- **Work order**: Retyping all the entries exactly is the whole task.
--------------------------------
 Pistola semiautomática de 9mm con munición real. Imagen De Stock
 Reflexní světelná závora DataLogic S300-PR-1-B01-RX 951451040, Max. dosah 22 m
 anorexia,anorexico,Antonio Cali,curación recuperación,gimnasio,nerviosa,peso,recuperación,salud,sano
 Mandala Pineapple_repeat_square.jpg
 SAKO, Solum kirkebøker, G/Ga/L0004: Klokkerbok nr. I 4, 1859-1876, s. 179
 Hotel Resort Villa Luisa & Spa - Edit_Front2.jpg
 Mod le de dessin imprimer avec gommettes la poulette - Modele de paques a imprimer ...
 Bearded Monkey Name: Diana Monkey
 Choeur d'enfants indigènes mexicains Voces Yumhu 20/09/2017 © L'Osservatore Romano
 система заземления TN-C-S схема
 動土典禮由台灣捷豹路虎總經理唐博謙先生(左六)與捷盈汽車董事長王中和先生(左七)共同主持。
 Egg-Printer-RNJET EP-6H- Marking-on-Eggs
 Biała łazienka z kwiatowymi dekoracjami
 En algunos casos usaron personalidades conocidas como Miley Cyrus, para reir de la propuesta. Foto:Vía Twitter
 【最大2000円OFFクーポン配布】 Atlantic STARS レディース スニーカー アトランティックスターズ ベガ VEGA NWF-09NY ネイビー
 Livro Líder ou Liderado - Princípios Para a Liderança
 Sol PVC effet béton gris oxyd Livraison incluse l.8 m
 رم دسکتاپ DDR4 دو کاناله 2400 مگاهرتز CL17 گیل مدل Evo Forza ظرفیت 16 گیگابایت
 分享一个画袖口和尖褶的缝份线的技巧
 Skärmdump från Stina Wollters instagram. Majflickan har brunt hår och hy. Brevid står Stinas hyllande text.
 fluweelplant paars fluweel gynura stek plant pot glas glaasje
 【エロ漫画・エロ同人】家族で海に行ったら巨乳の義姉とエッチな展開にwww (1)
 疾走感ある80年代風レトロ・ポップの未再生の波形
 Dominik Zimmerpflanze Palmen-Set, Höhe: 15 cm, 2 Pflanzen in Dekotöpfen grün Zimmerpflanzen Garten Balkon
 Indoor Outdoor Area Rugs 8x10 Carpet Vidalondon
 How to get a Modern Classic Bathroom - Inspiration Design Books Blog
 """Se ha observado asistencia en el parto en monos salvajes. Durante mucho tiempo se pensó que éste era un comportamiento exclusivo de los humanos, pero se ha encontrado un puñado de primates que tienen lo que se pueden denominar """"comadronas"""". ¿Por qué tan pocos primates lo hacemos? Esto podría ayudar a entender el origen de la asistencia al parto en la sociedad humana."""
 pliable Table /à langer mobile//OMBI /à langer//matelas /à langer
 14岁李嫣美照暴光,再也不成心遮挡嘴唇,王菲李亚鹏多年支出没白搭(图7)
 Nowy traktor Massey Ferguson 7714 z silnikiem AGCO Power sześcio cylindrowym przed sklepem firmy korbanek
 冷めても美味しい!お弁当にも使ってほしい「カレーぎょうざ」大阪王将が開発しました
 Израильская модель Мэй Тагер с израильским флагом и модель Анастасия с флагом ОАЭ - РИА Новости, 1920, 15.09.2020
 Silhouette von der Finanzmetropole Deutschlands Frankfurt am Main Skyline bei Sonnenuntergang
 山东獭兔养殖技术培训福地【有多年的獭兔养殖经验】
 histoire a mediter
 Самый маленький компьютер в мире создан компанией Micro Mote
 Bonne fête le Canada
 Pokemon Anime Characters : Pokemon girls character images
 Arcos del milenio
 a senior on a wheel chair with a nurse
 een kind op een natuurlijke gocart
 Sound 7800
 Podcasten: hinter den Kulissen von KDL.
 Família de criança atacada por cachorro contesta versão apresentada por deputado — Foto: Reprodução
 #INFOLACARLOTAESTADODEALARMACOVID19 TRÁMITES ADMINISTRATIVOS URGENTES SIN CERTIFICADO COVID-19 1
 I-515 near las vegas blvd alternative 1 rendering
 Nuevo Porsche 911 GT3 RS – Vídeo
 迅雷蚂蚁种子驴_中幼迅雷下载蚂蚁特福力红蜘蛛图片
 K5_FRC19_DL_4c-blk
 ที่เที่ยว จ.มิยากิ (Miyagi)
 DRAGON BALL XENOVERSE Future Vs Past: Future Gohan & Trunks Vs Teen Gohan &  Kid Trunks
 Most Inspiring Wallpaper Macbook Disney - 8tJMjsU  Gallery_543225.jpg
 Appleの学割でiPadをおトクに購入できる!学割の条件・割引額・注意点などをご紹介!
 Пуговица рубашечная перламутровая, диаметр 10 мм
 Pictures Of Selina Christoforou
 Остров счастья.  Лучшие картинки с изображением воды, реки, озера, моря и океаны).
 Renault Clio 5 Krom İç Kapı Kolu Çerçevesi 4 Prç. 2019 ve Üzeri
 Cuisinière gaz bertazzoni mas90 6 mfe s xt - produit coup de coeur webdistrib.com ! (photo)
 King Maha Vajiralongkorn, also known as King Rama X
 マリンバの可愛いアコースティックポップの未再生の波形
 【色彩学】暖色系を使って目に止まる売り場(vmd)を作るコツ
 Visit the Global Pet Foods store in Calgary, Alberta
--------------------------------
- **Solution to this exercise**:
 Pistola semiautomática de 9mm con munición real. Imagen De Stock
 Reflexní světelná závora DataLogic S300-PR-1-B01-RX 951451040, Max. dosah 22 m
 anorexia,anorexico,Antonio Cali,curación recuperación,gimnasio,nerviosa,peso,recuperación,salud,sano
 Mandala Pineapple_repeat_square.jpg
 SAKO, Solum kirkebøker, G/Ga/L0004: Klokkerbok nr. I 4, 1859-1876, s. 179
 Hotel Resort Villa Luisa & Spa - Edit_Front2.jpg
 Mod le de dessin imprimer avec gommettes la poulette - Modele de paques a imprimer ...
 Bearded Monkey Name: Diana Monkey
 Choeur d'enfants indigènes mexicains Voces Yumhu 20/09/2017 © L'Osservatore Romano
 система заземления TN-C-S схема
 動土典禮由台灣捷豹路虎總經理唐博謙先生(左六)與捷盈汽車董事長王中和先生(左七)共同主持。
 Egg-Printer-RNJET EP-6H- Marking-on-Eggs
 Biała łazienka z kwiatowymi dekoracjami
 En algunos casos usaron personalidades conocidas como Miley Cyrus, para reir de la propuesta. Foto:Vía Twitter
 【最大2000円OFFクーポン配布】 Atlantic STARS レディース スニーカー アトランティックスターズ ベガ VEGA NWF-09NY ネイビー
 Livro Líder ou Liderado - Princípios Para a Liderança
 Sol PVC effet béton gris oxyd Livraison incluse l.8 m
 رم دسکتاپ DDR4 دو کاناله 2400 مگاهرتز CL17 گیل مدل Evo Forza ظرفیت 16 گیگابایت
 分享一个画袖口和尖褶的缝份线的技巧
 Skärmdump från Stina Wollters instagram. Majflickan har brunt hår och hy. Brevid står Stinas hyllande text.
 fluweelplant paars fluweel gynura stek plant pot glas glaasje
 【エロ漫画・エロ同人】家族で海に行ったら巨乳の義姉とエッチな展開にwww (1)
 疾走感ある80年代風レトロ・ポップの未再生の波形
 Dominik Zimmerpflanze Palmen-Set, Höhe: 15 cm, 2 Pflanzen in Dekotöpfen grün Zimmerpflanzen Garten Balkon
 Indoor Outdoor Area Rugs 8x10 Carpet Vidalondon
 How to get a Modern Classic Bathroom - Inspiration Design Books Blog
 """Se ha observado asistencia en el parto en monos salvajes. Durante mucho tiempo se pensó que éste era un comportamiento exclusivo de los humanos, pero se ha encontrado un puñado de primates que tienen lo que se pueden denominar """"comadronas"""". ¿Por qué tan pocos primates lo hacemos? Esto podría ayudar a entender el origen de la asistencia al parto en la sociedad humana."""
 pliable Table /à langer mobile//OMBI /à langer//matelas /à langer
 14岁李嫣美照暴光,再也不成心遮挡嘴唇,王菲李亚鹏多年支出没白搭(图7)
 Nowy traktor Massey Ferguson 7714 z silnikiem AGCO Power sześcio cylindrowym przed sklepem firmy korbanek
 冷めても美味しい!お弁当にも使ってほしい「カレーぎょうざ」大阪王将が開発しました
 Израильская модель Мэй Тагер с израильским флагом и модель Анастасия с флагом ОАЭ - РИА Новости, 1920, 15.09.2020
 Silhouette von der Finanzmetropole Deutschlands Frankfurt am Main Skyline bei Sonnenuntergang
 山东獭兔养殖技术培训福地【有多年的獭兔养殖经验】
 histoire a mediter
 Самый маленький компьютер в мире создан компанией Micro Mote
 Bonne fête le Canada
 Pokemon Anime Characters : Pokemon girls character images
 Arcos del milenio
 a senior on a wheel chair with a nurse
 een kind op een natuurlijke gocart
 Sound 7800
 Podcasten: hinter den Kulissen von KDL.
 Família de criança atacada por cachorro contesta versão apresentada por deputado — Foto: Reprodução
 #INFOLACARLOTAESTADODEALARMACOVID19 TRÁMITES ADMINISTRATIVOS URGENTES SIN CERTIFICADO COVID-19 1
 I-515 near las vegas blvd alternative 1 rendering
 Nuevo Porsche 911 GT3 RS – Vídeo
 迅雷蚂蚁种子驴_中幼迅雷下载蚂蚁特福力红蜘蛛图片
 K5_FRC19_DL_4c-blk
 ที่เที่ยว จ.มิยากิ (Miyagi)
 DRAGON BALL XENOVERSE Future Vs Past: Future Gohan & Trunks Vs Teen Gohan &  Kid Trunks
 Most Inspiring Wallpaper Macbook Disney - 8tJMjsU  Gallery_543225.jpg
 Appleの学割でiPadをおトクに購入できる!学割の条件・割引額・注意点などをご紹介!
 Пуговица рубашечная перламутровая, диаметр 10 мм
 Pictures Of Selina Christoforou
 Остров счастья.  Лучшие картинки с изображением воды, реки, озера, моря и океаны).
 Renault Clio 5 Krom İç Kapı Kolu Çerçevesi 4 Prç. 2019 ve Üzeri
 Cuisinière gaz bertazzoni mas90 6 mfe s xt - produit coup de coeur webdistrib.com ! (photo)
 King Maha Vajiralongkorn, also known as King Rama X
 マリンバの可愛いアコースティックポップの未再生の波形
 【色彩学】暖色系を使って目に止まる売り場(vmd)を作るコツ
 Visit the Global Pet Foods store in Calgary, Alberta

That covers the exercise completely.